Risk making your friend mad or embarrassed, It will be temporary, but you never know what kind of permanent difference you can make.

Caleb made several comments to friends. Some friends thought he was better. Some knew he was seeing a therapist, so they thought he was talking to his therapist about his past suicidal thoughts (he wasn't), and some knew he wasn't doing good, but didn't know what to say. Not one told an adult. Please do not be scared to ask for help for your friend. Be brave and stand in the gap for that friend, because more than likely, they can't do it for themselves.

September 10, 2017

Suicide Prevention Week - Part 1.

This week, Sept. 10-16th, is National Suicide Prevention Week. Because this is something I know way too much about now, I'd like to share a small part of Caleb's story every day this week, hoping that it will resonate with someone else. If it does - immediately text or call a parent, a teacher, a friend, a pastor, and just say the words, "I really need help." Please, don't be scared to use those words.

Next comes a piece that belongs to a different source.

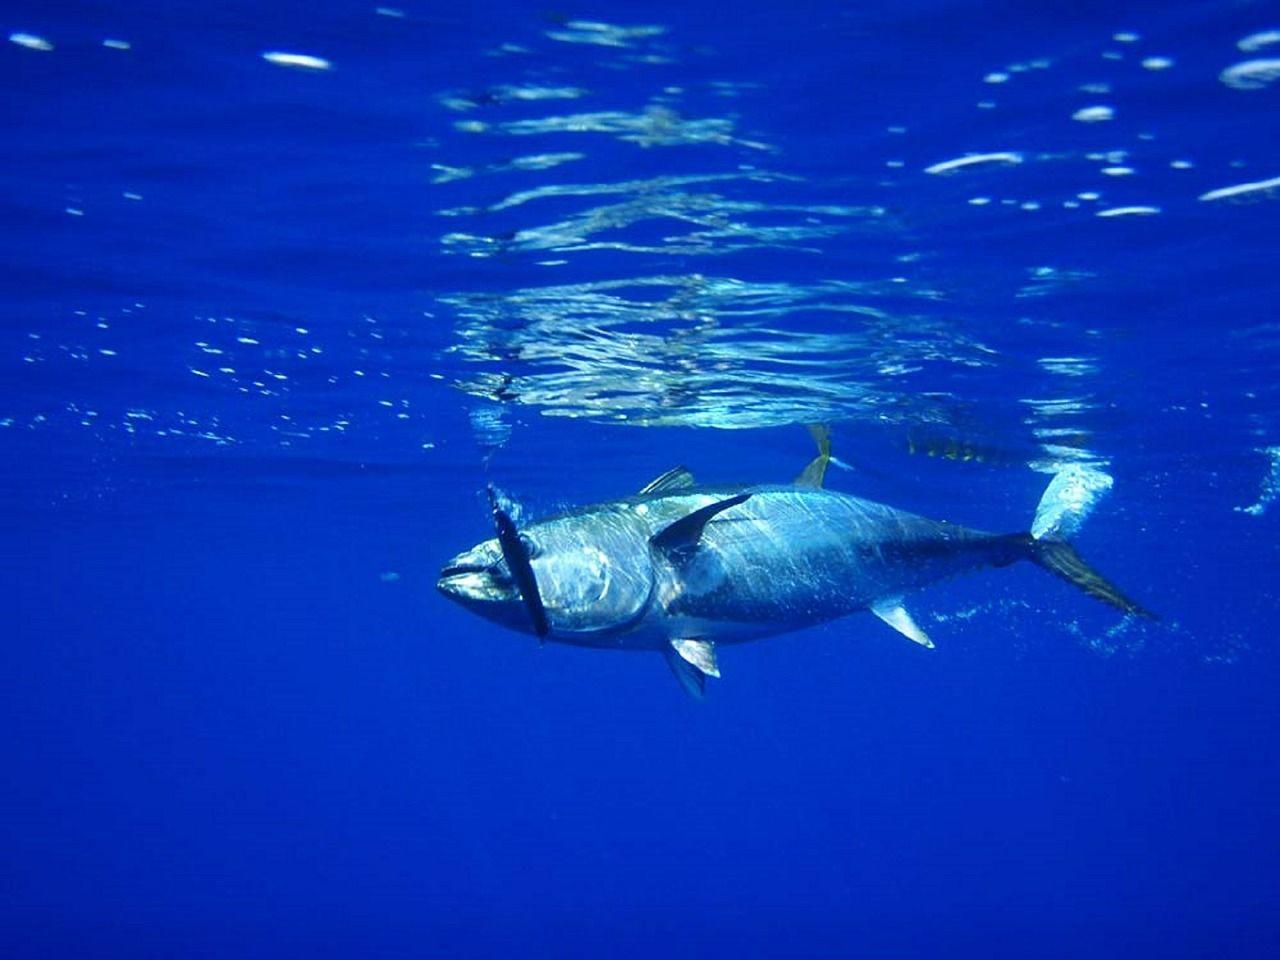 Купить фото тунца? Скачайте бесплатно

Today, I want to address the story to parents. Caleb first came to use two years ago and said, "I think something is wrong with me." He had been doing his own online research and thought it could be depression or ADD. We did not take it very seriously. We knew he was going through stress with changes at school. So, in our mind, he just had not finished adjusting to the changes. We gave advice and actually got him in touch with his school guidance counselor to meet with and talk about stress management and better time management. Over the next two years, Caleb would drop "hints" every once in awhile. He even shared with me "what I do when things are really bad". But through it all, I thought he just wasn't trying hard enough. If he would just do the things we would tell him, he would be just fine. Why couldn't he just make himself study or sleep or get out of bed. I thought it was a matter of choice.

Neither Sean nor I did any research. If I had just read some articles on teenage depression or anxiety, I would have seen the clear facts. I would have seen that Caleb didn't have a choice, that he was trying with all his might but was losing the fight.

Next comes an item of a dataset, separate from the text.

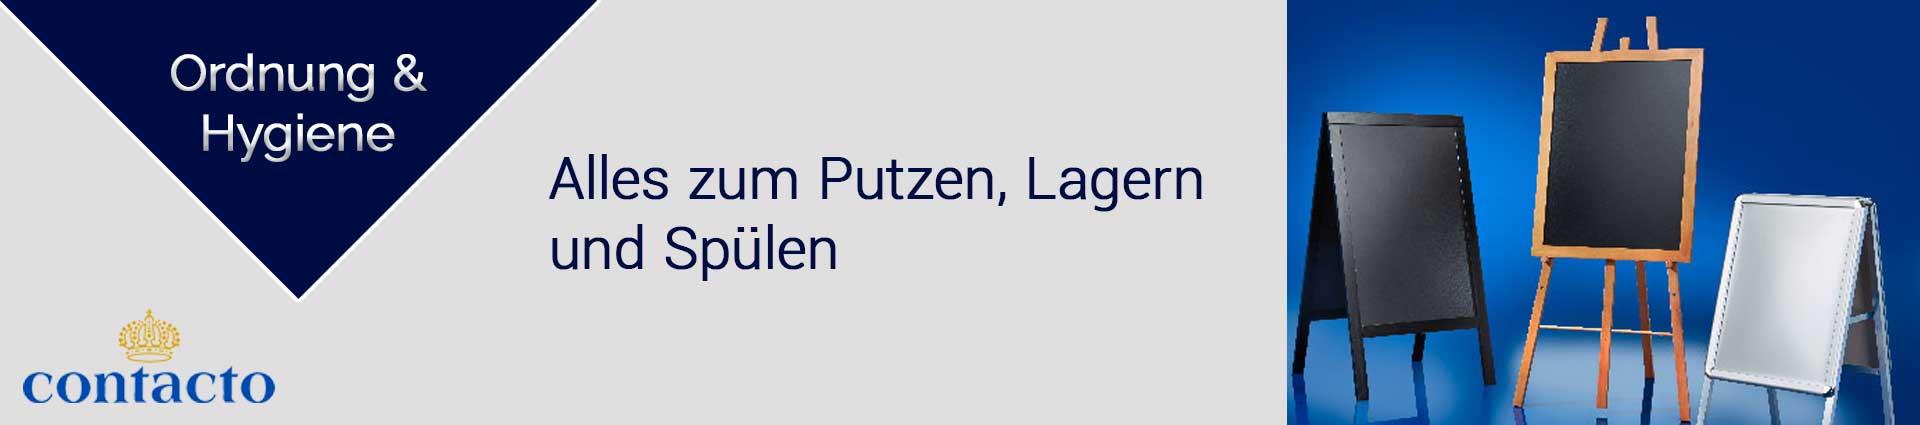 Contacto Werben und Leiten Banner

I never in a million years would have thought Caleb would make the choice to end his life. So, I stayed in denial, didn't ask the questions that I didn't want answers to, and handed him to a therapist and believed that would solve his problems.

Parents - pay attention to what your child is not saying to you.

They are not going to look you in the eye and say, "I want to kill myself." We were lucky Caleb communicated with us as much as he did. Most parents who lose their child had no idea whatsoever that the child was suffering. Ask the hard questions. And search out every avenue of help, while telling your child that there is always hope and that you together aren't going to give up.